Du côté du métier de la gestion d’actifs, on n’observe pas encore ce mouvement, mais on se félicite surtout de la puissance confirmée des acteurs locaux. « Il n’y a pas eu de réinternalisation d’activités à Paris, observe Philippe Zaouati, directeur du développement de Natixis AM. Mais en Italie, en Espagne, voire en Allemagne, les sociétés de gestion ont beaucoup souffert de la crise. Or, en France, deux des poids lourds du secteur se renforcent encore : CAAM en absorbant SGAM, et BNPP IP en reprenant Fortis Investments. » Néanmoins, dans cette branche majeure de l’industrie financière aussi, le Royaume-Uni et ses fonds de pension sont incontournables. « On ne peut pas faire l’impasse sur la place de Londres, assure Dominique Carrel-Billiard, directeur général d’ Axa IM. D’ailleurs, sur les 500 milliards d’euros gérés par Axa IM, près de 80 milliards le sont pour le compte d’investisseurs britanniques. » C’est ainsi que, ces derniers mois, la société de gestion a nommé plusieurs de ses managers globaux à Londres. Sont ainsi situés dans la capitale britannique, les responsables de la gestion obligataire, de la gestion actions qualitative, de celle des fonds immobiliers ou de l’investissement socialement responsable, ainsi que l’équipe fonds de hedge funds par exemple.

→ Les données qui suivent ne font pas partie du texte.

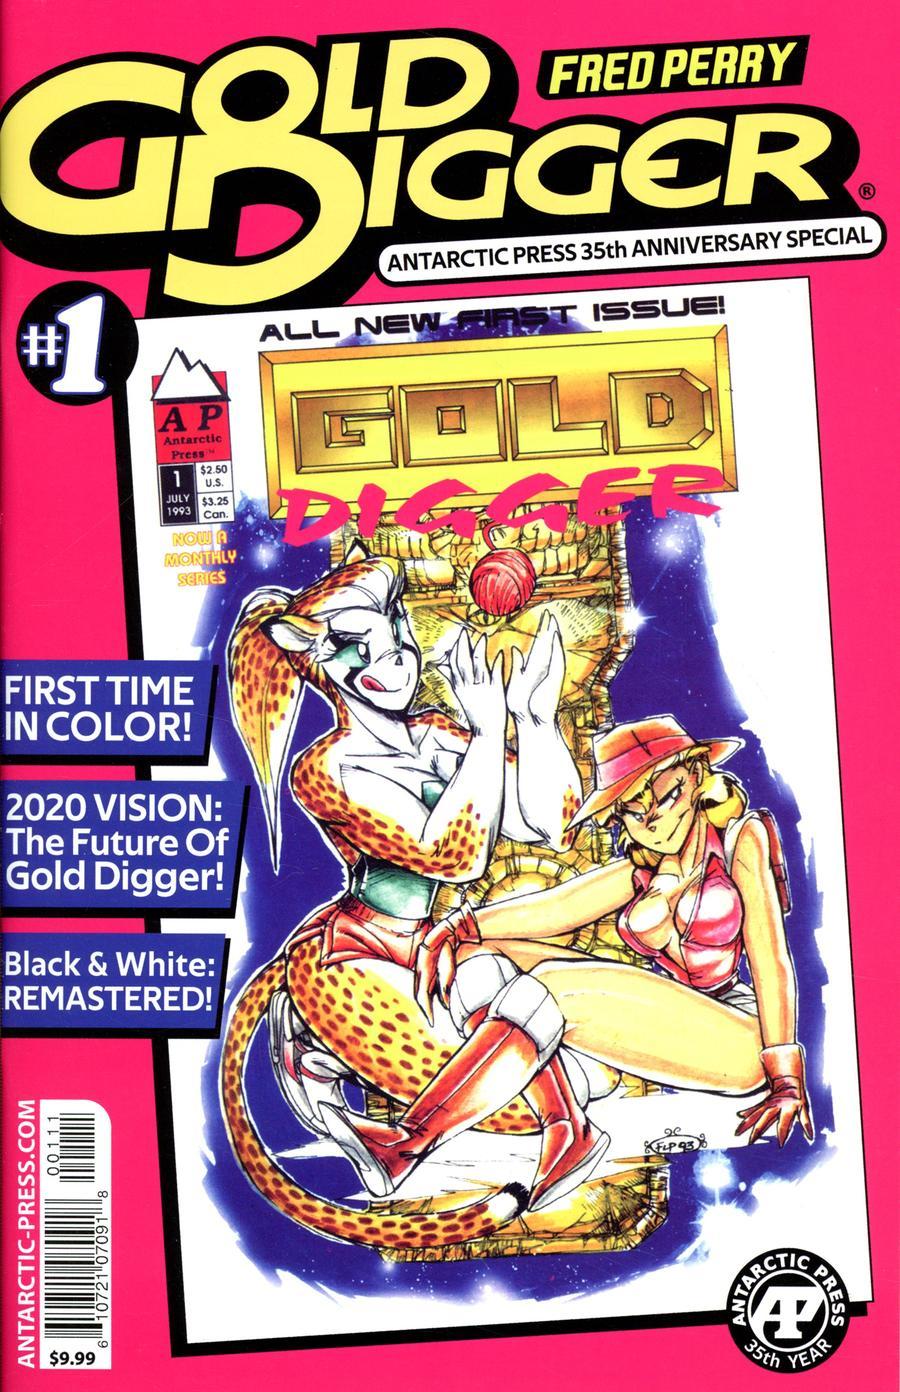 Gold Digger #1 Antarctic Press 35th Anniversary Special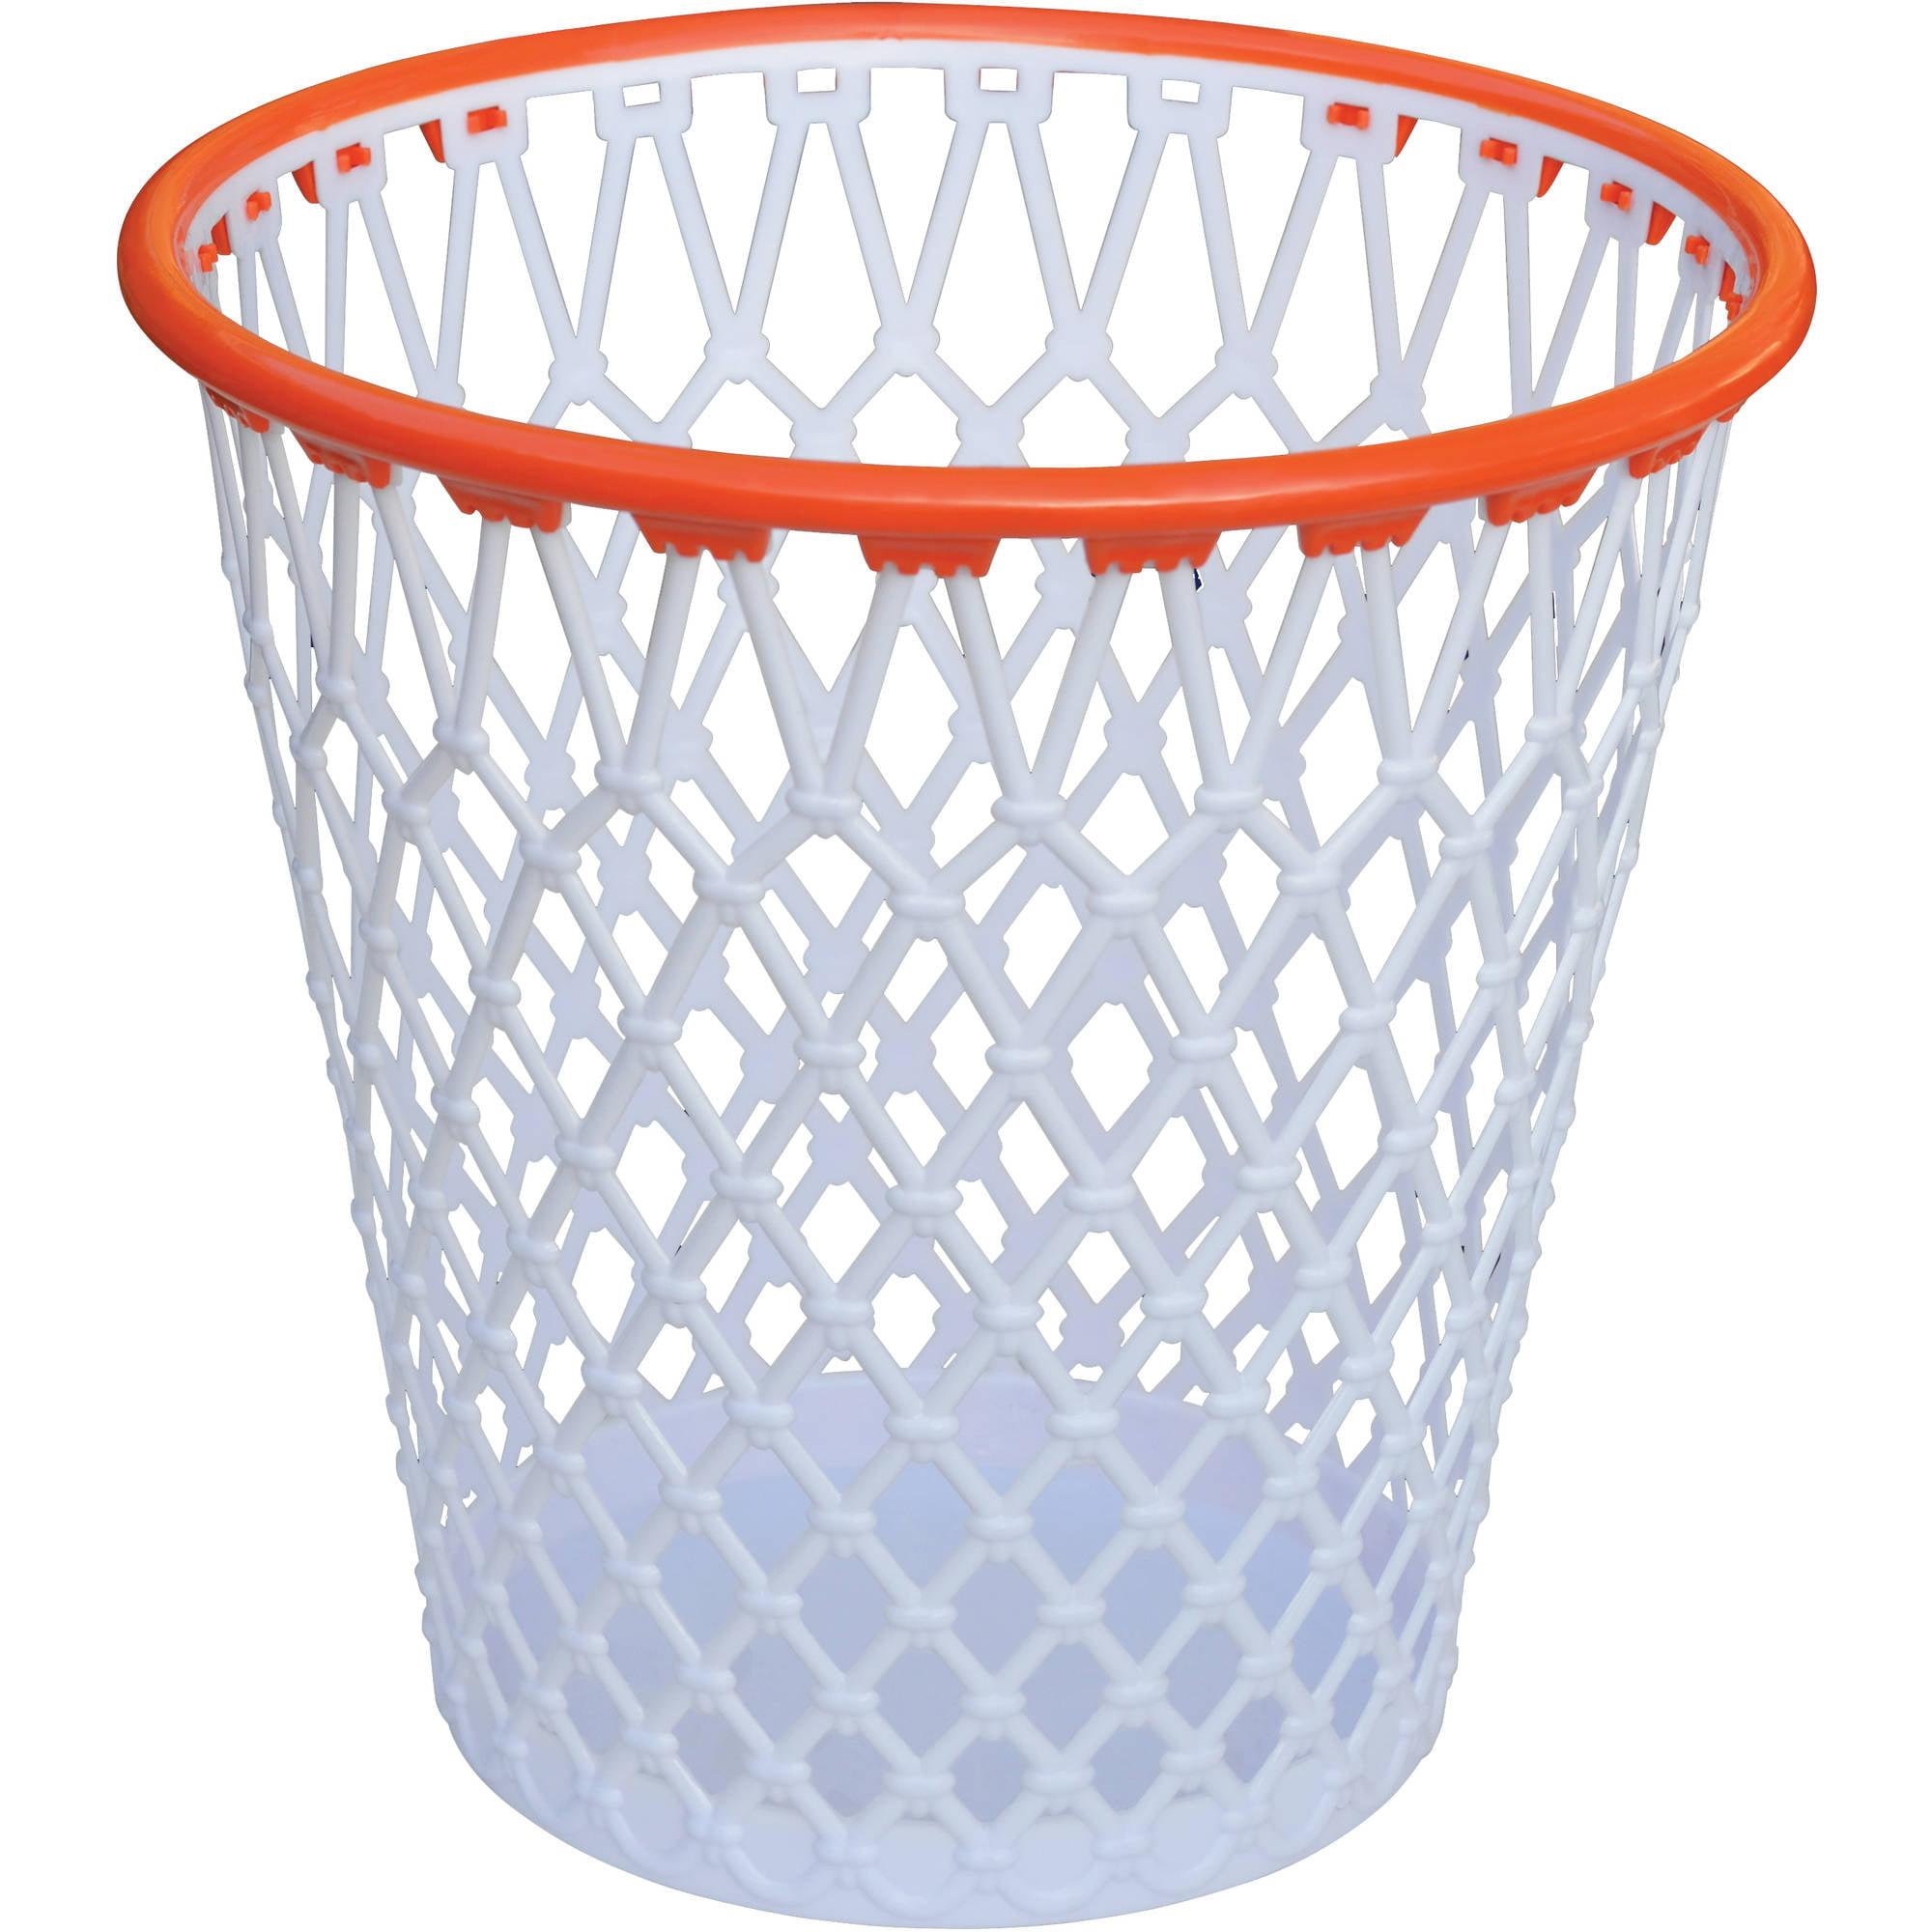 Spalding Hoopster Wastepaper Basket

Cependant, la mobilisation de Paris Europlace ne faiblit pas. L’association s’apprête à sonner le rappel sur les titres courts en euros (certificats de dépôt et billets de trésorerie). Les banques françaises qui détiennent un leadership sur ces activités sont incitées à jouer le jeu en apportant de la liquidité afin d’animer le marché. « Sans quoi cela se terminera comme le Matif où, du jour au lendemain, elles sont passées sur le Bund allemand », remarque un spécialiste. L’industrie financière française n’a toutefois pas à rougir de la comparaison avec son homologue allemande. « Il y a plus de BFI de taille significative en France qu’en Allemagne, analyse Jean-Luc Parer. Les banques françaises ont probablement mieux su profiter du tissu industriel local que leurs homologues allemandes pour développer ces activités, notamment les financements export, de projets, de négoce de matières premières, etc. » Certes, « il y a un écart considérable entre Paris et Londres, observe Marc Lhermitte, associé chez Ernst &Young. Mais Paris en a fait un axe de combat, tandis que Francfort a jeté l’éponge depuis longtemps ».